-- Requirement --
Exactly as written, return every line of the data below apart from the pictures.

-- Stored data --
---*---
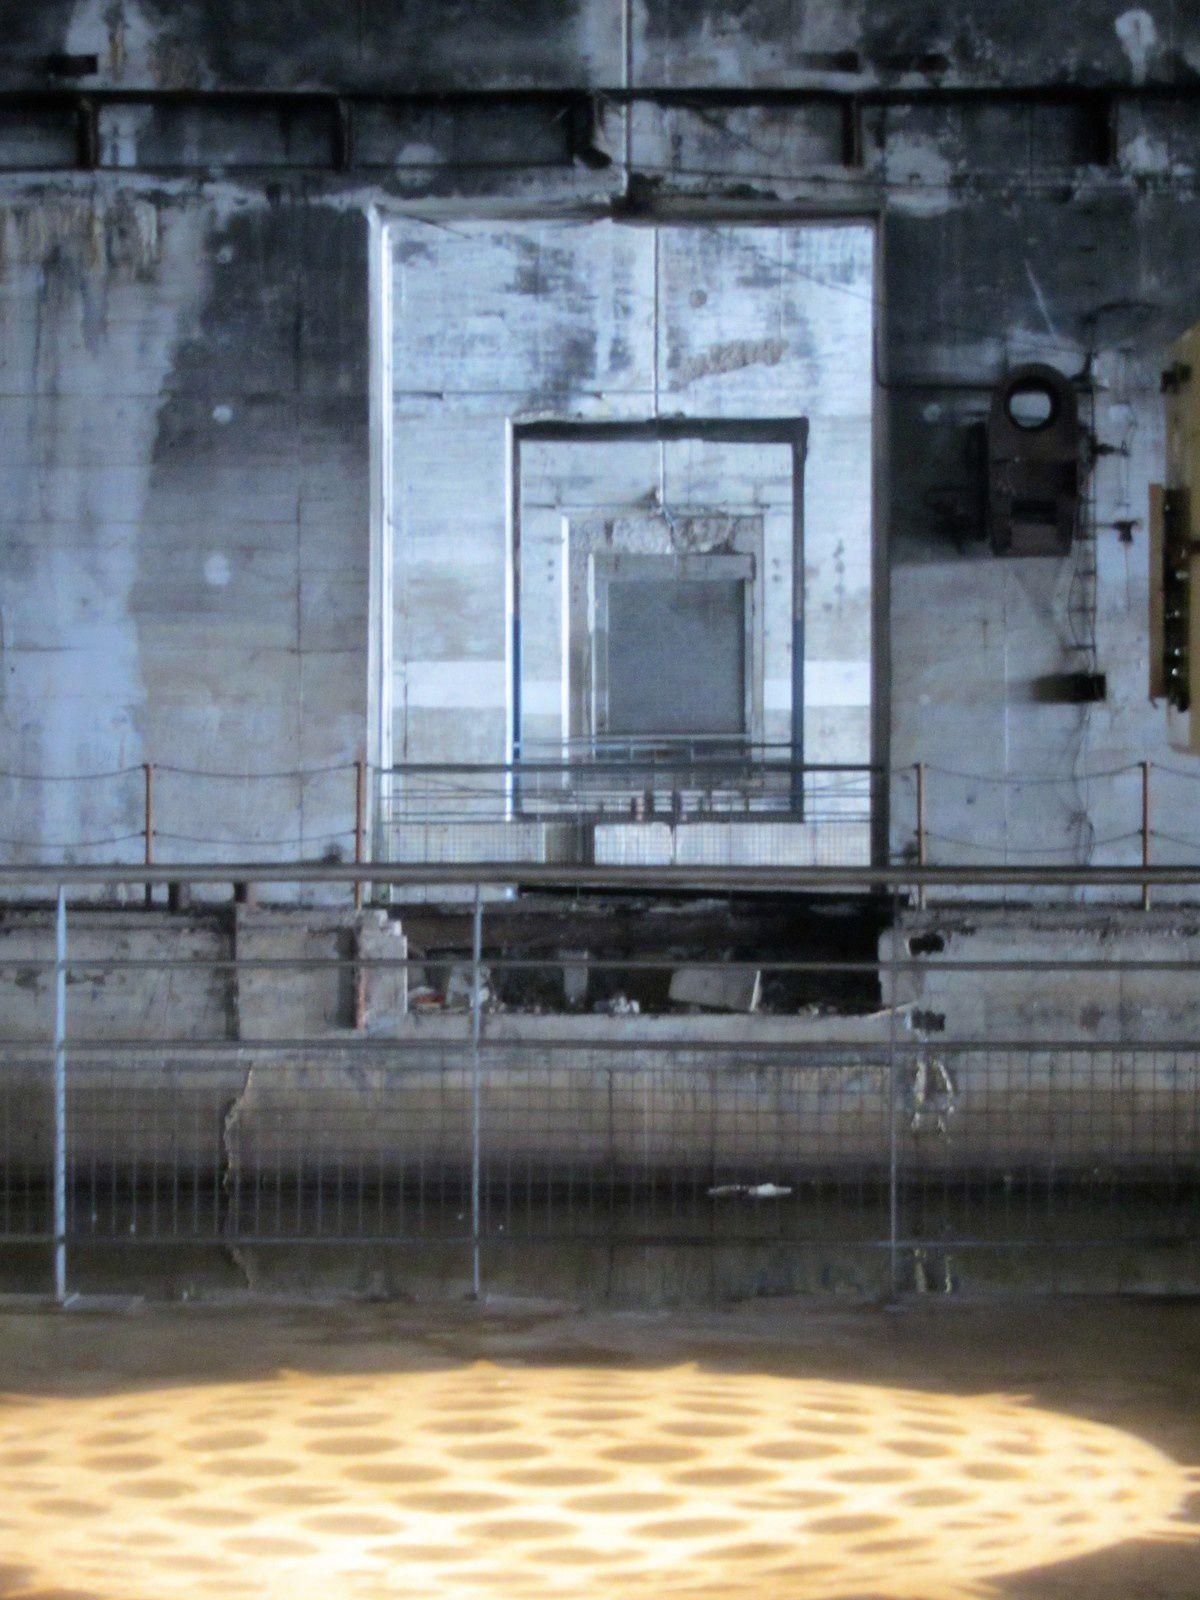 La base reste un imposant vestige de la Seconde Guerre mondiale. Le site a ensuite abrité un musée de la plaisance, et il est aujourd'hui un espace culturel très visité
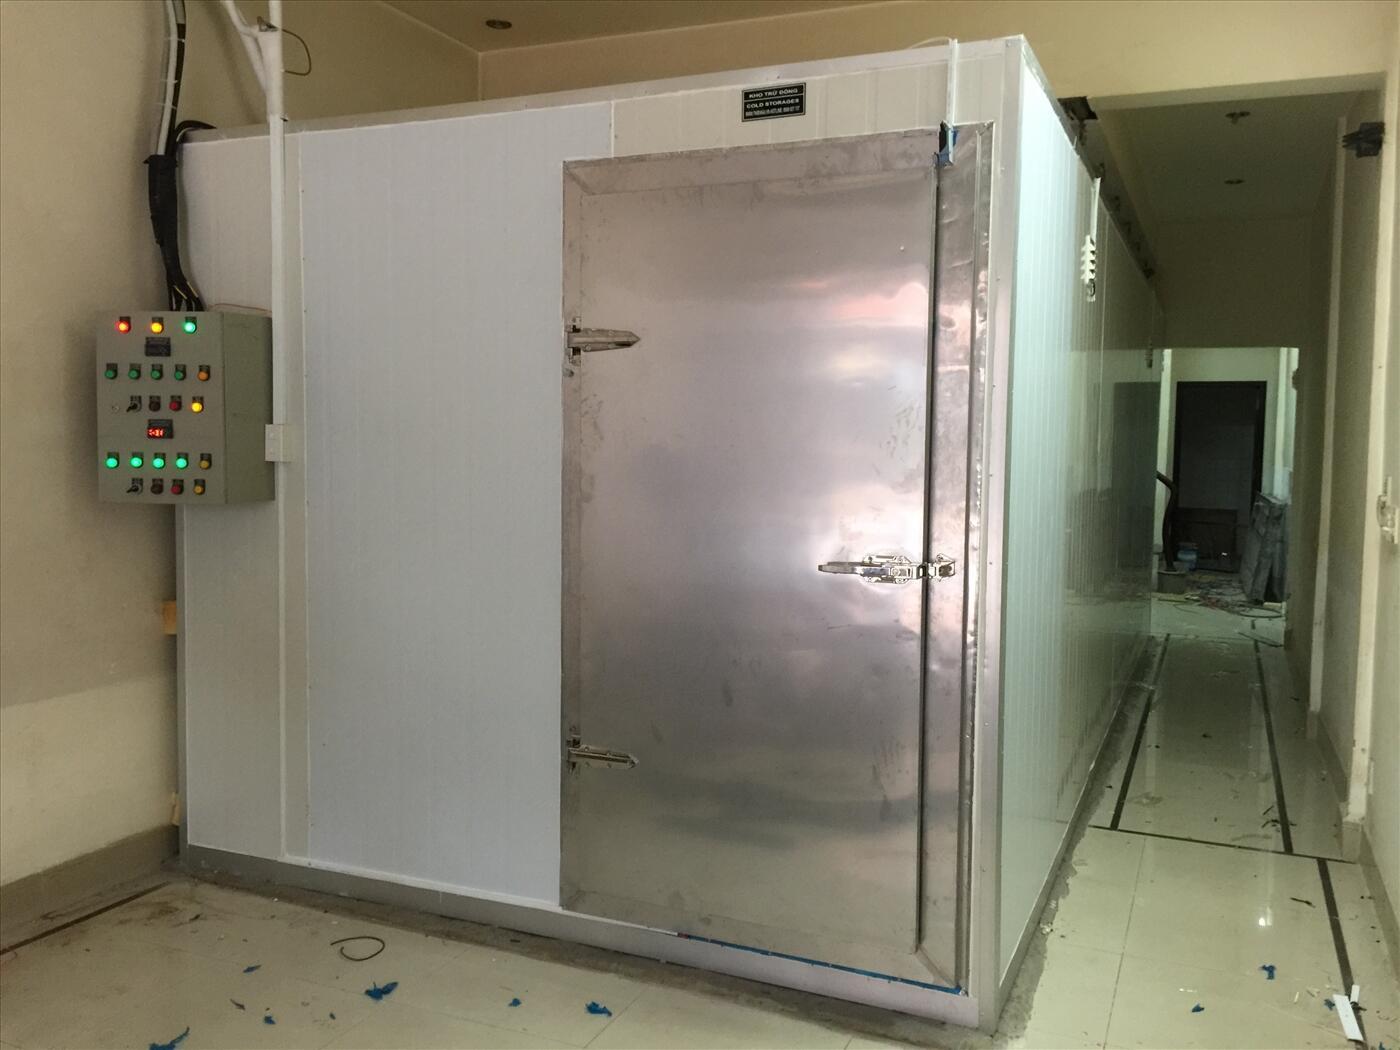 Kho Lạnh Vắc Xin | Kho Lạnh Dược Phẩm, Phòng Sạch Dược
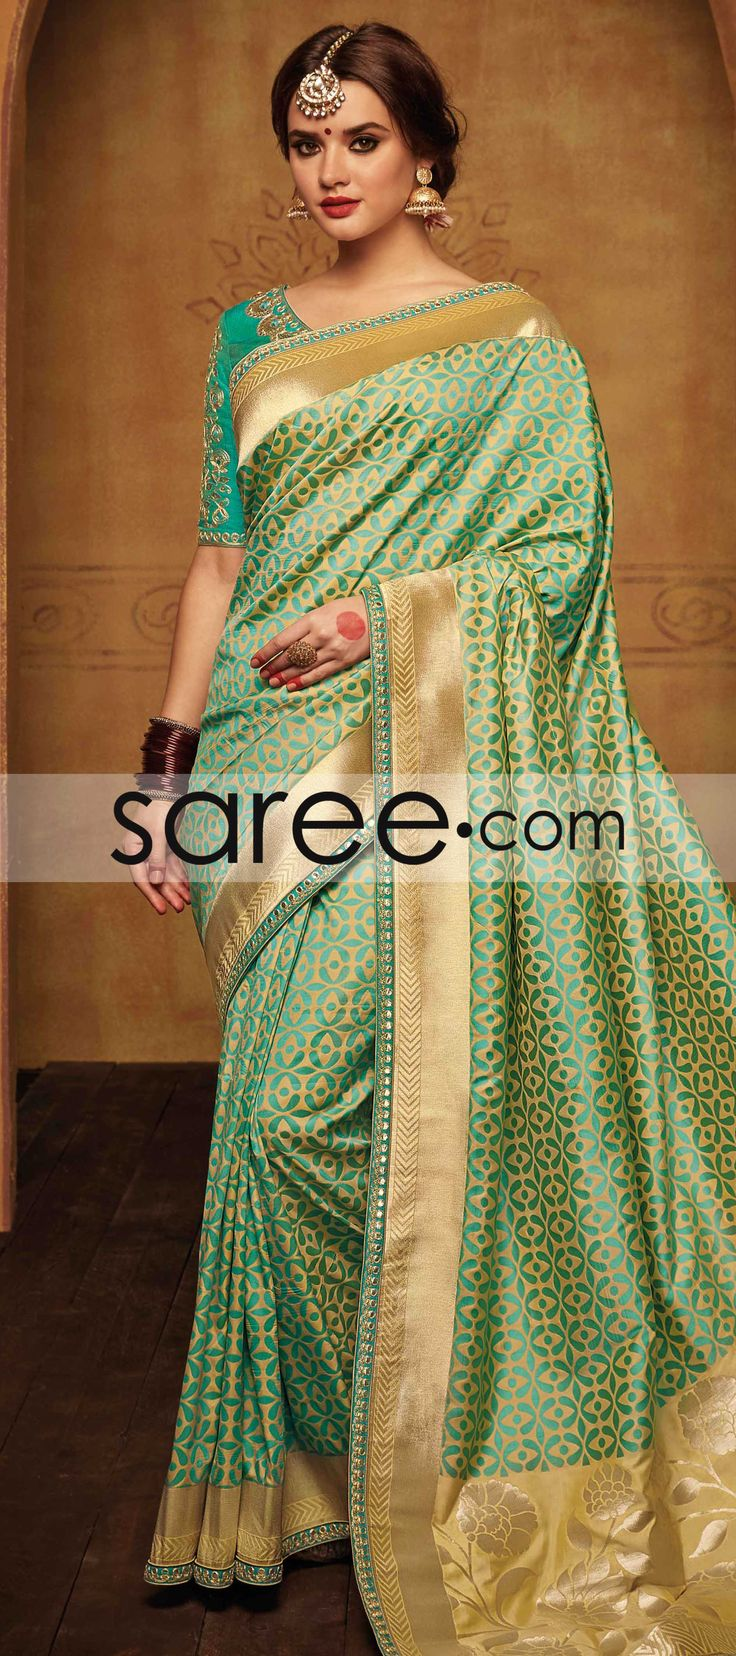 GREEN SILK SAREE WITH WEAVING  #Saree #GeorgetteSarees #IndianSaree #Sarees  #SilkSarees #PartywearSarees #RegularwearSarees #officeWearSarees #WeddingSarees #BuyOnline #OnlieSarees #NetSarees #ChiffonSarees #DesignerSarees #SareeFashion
---*---
-- The completed task --
 La base reste un imposant vestige de la Seconde Guerre mondiale. Le site a ensuite abrité un musée de la plaisance, et il est aujourd'hui un espace culturel très visité
 Kho Lạnh Vắc Xin | Kho Lạnh Dược Phẩm, Phòng Sạch Dược
 GREEN SILK SAREE WITH WEAVING  #Saree #GeorgetteSarees #IndianSaree #Sarees  #SilkSarees #PartywearSarees #RegularwearSarees #officeWearSarees #WeddingSarees #BuyOnline #OnlieSarees #NetSarees #ChiffonSarees #DesignerSarees #SareeFashion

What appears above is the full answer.